Among the instructions asked by defendant, and refused by the court, are the following:
Among those given for the plaintiff are the following:
It is not deemed necessary to present here all the instructions given and refused, as those above named present the important questions for determination, except those sufficiently noted in the opinion.
The jury returned a verdict for the plaintiff, assessing her damages at fifteen hundred dollars.
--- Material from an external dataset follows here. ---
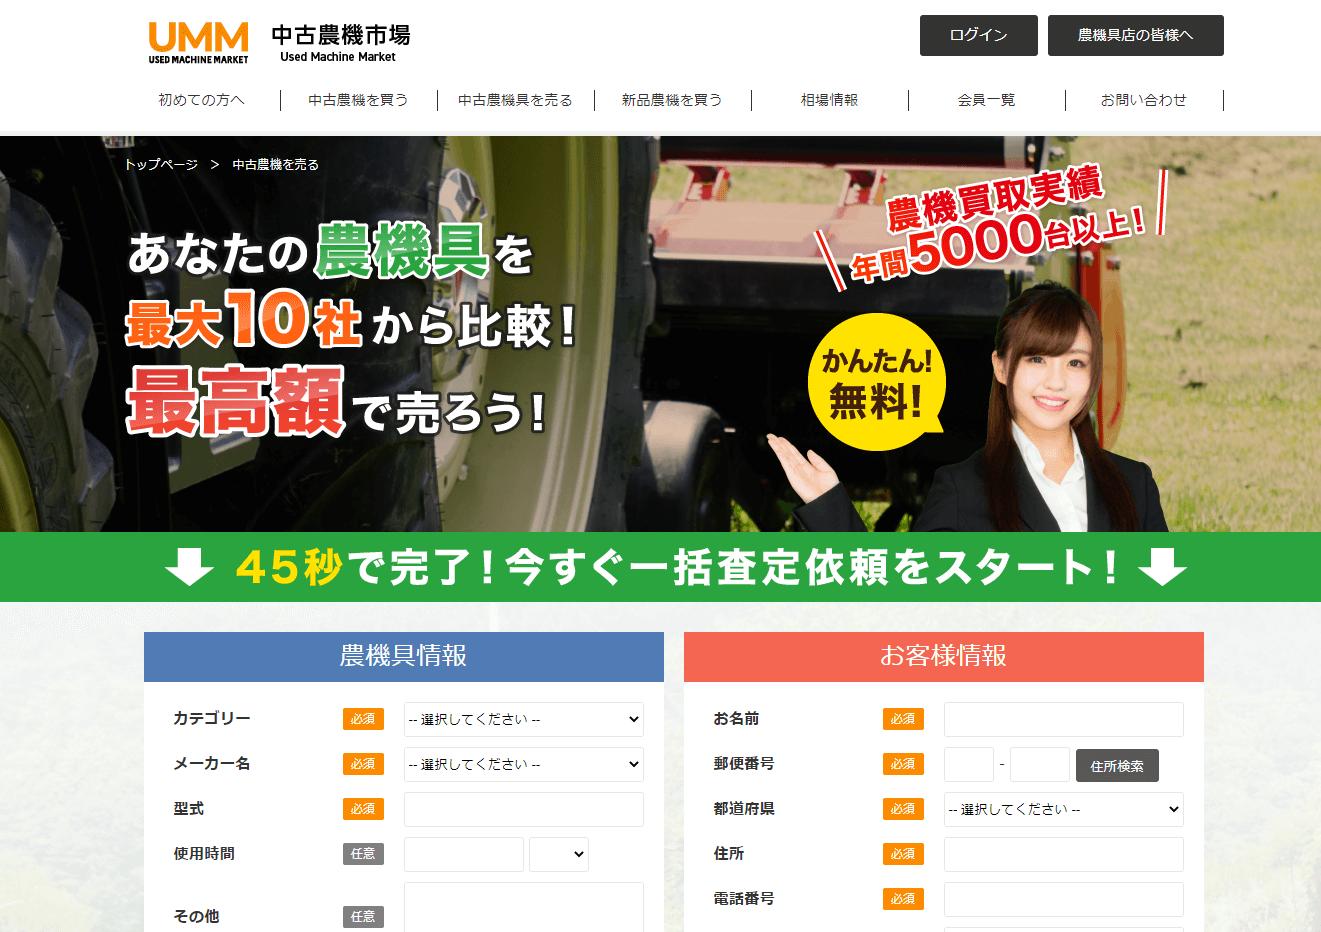 UMM(中古農機市場)

Defendant has appealed.
C. T. GARNER & SON, J. L. FARRIS, J. A. CROSS, F. SHEETS, for the appellant.
I. It is insisted that no act or conduct of appellant was the cause of the death of the deceased Gray; that the death of deceased was caused by his own acts and conduct, and the pistol shot fired by W. W. McDonald; that appellant, by no word or act of his, brought on the difficulty, and that he did not participate therein; had no knowledge of his son having a pistol; that the advance of deceased in a threatening manner with the rock in his hand and finally throwing the rock at W W. McDonald was the cause of the fatal shots. Appellant advised his son to have no difficulty with deceased. It is denied that appellant in any manner aided, abetted, or encouraged his son, W. W. McDonald, and the evidence in the cause fails to prove that appellant did aid, abet, or encourage his son in any way or manner in the difficulty. If, as respondent alleges, he struck the deceased with his...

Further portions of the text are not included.